CaTCH: Calculating transcript complexity of human genes

MethodsX. 2024 Apr 4:12:102697. doi: 10.1016/j.mex.2024.102697. eCollection 2024 Jun.

Abstract

The findings based on whole transcriptome sequencing suggest that alternative splicing occurs in approximately 95% of human multi-exon genes, thus, playing a crucial role in promoting proteome diversity. According to the latest GENCODE annotations, most genes have less than four transcripts, positively correlating with the number of exons. Thus, it is more accurate to measure the splice variant efficiency of a gene with respect to the number of exons, which is a measure of Transcript Complexity (TC). In addition to that, the theoretical number of transcripts is substantially higher than the actual number of transcripts produced by Alternative Splicing Events, and the features restricting this phenomenon need to be explored. In this method, we have extracted the data of various features contributing to TC from different databases.

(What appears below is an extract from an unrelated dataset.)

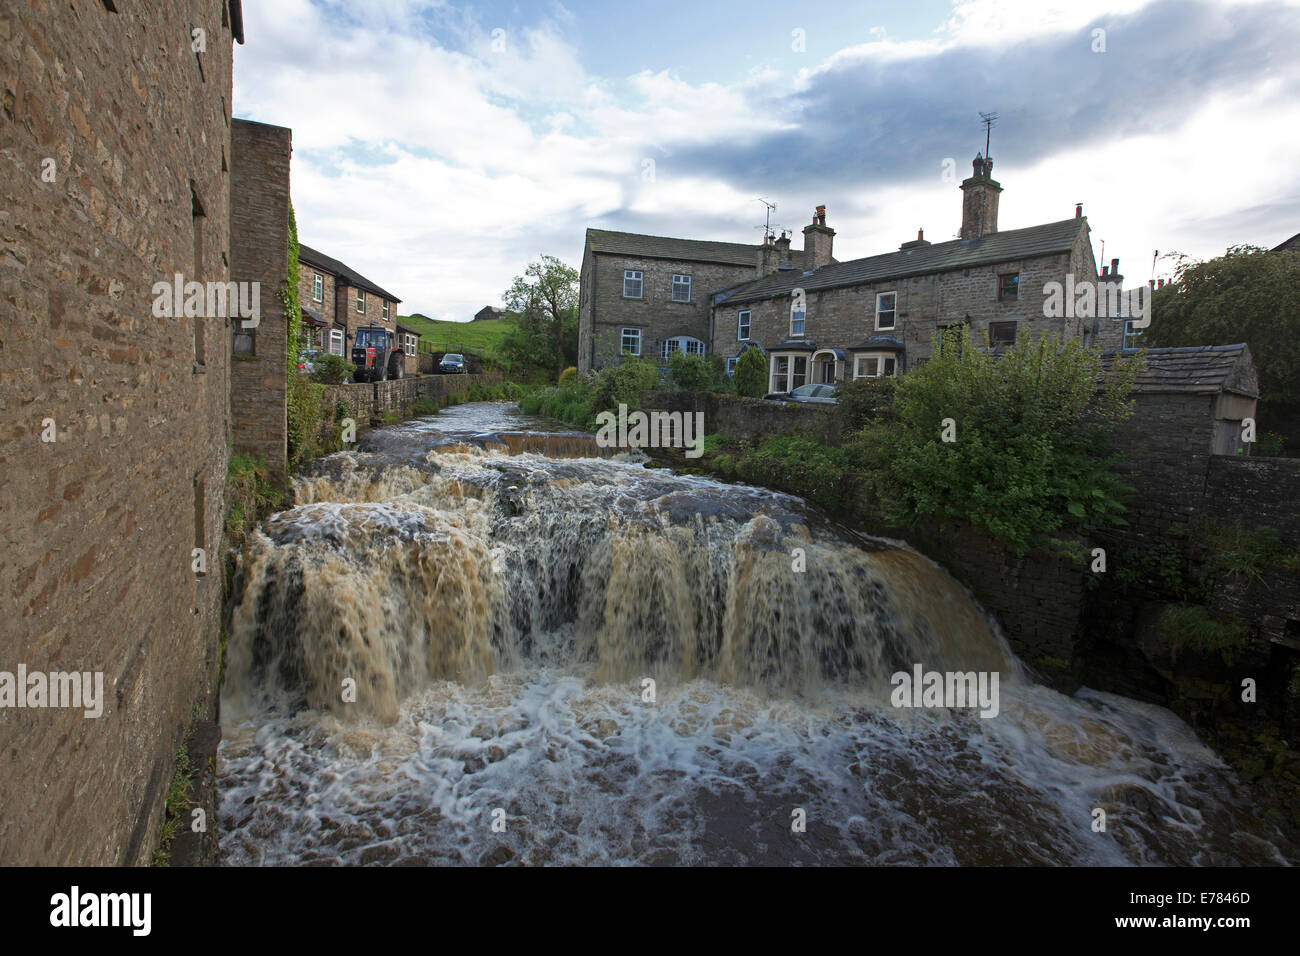 Foaming waters of picturesque Gayle Beck Falls pouring between historic stone cottages at village of Hawes in Yorkshire England Stock Photo

Linear regression is used to identify the determinant features and to train and test the model of TC. The results indicate that exon length is the determining feature of TC, followed by coding potential, presence of chromatin signature, and 5' splice site dinucleotide, all of which negatively affect a gene's TC, except exon length. To further classify the genes based on TC, random forest is used to identify the determinant features.•The splicing efficiency of a gene can be inferred by the transcript complexity, which is the number of transcripts per exon.•CaTCH is a linear regression-based model to calculate the transcript complexity of human genes, which can be calculated from the exon length, coding potentiality, presence of chromatin signature/s, and 5' splice site dinucleotide.

Keywords: Alternative splicing; CaTCH; Linear Regression; Random Forest; Transcript complexit.